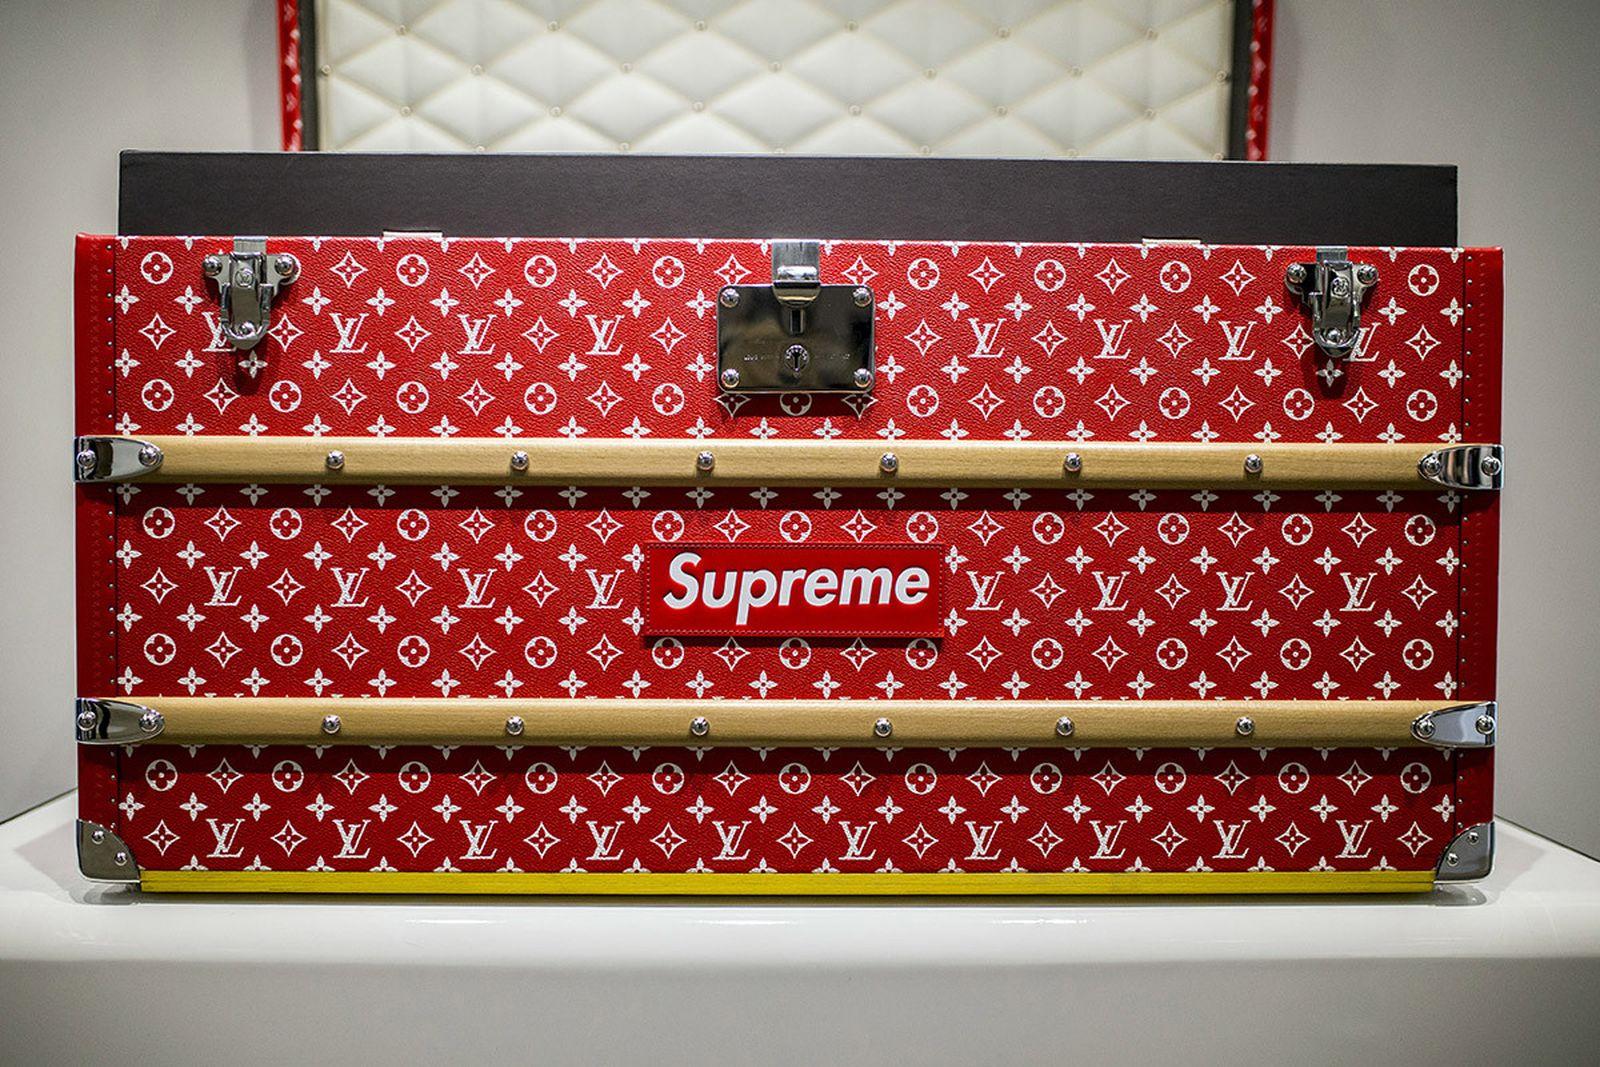 supreme-auction-1-million-in-sales-01
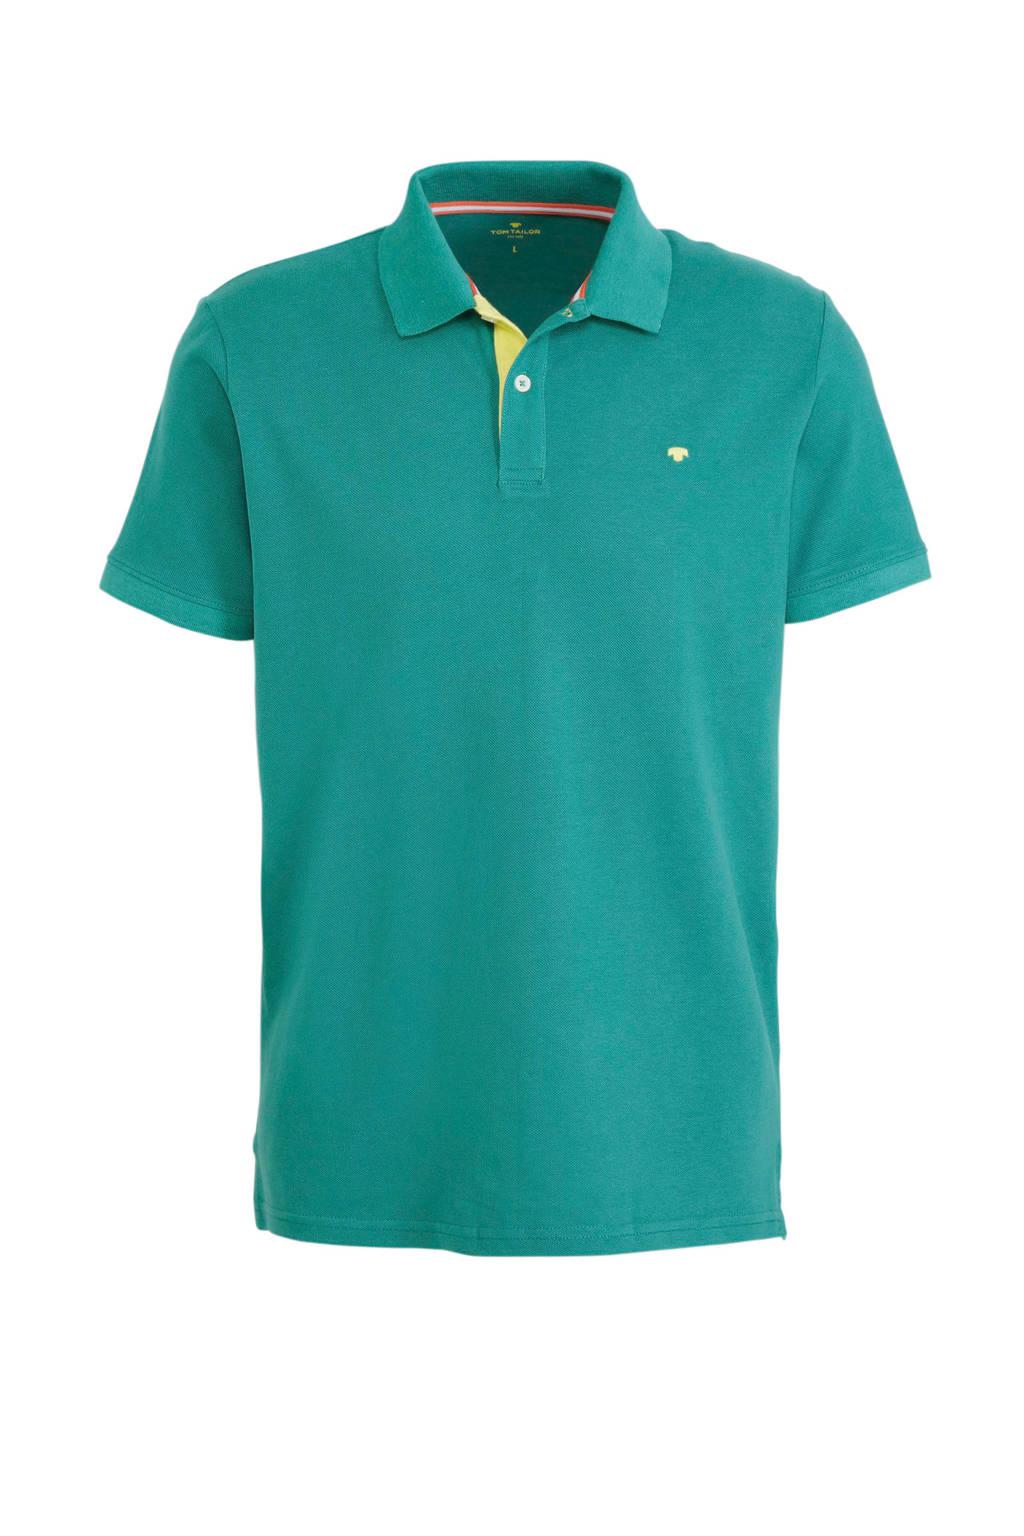 Tom Tailor regular fit polo met logo groen, Groen
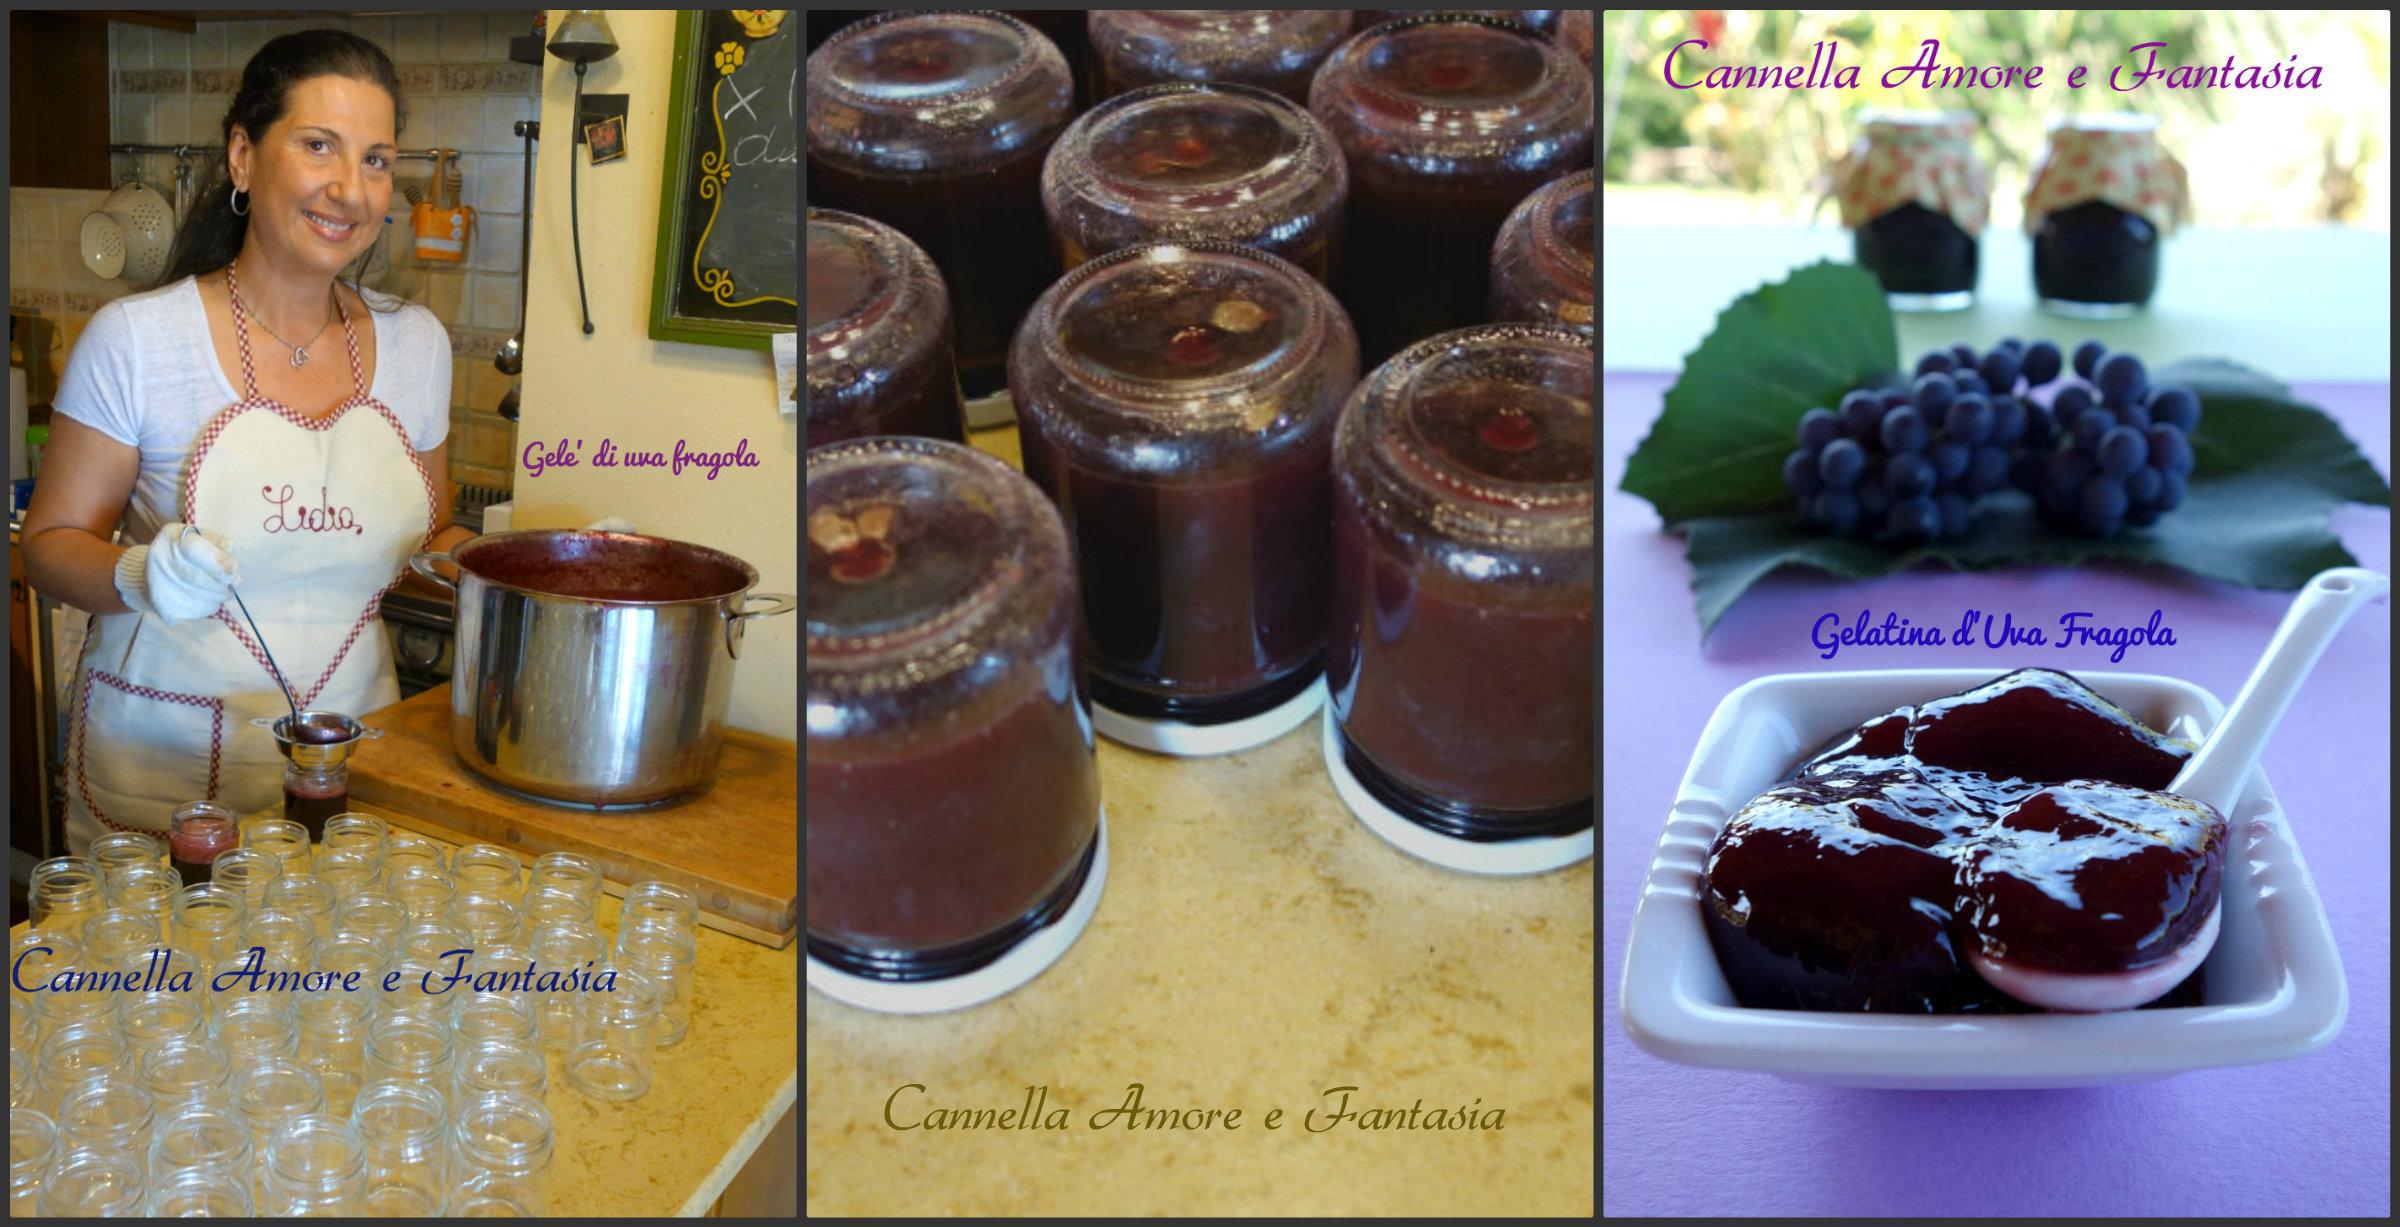 Gelatina d'uva fragola Collage finito 2
########
### ACTION ITEM
Output the listing above exactly as it stands; no picture should appear.

### ANSWER TO THIS EXERCISE
 supreme-auction-1-million-in-sales-01
 Tom Tailor regular fit polo met logo groen, Groen
 Gelatina d'uva fragola Collage finito 2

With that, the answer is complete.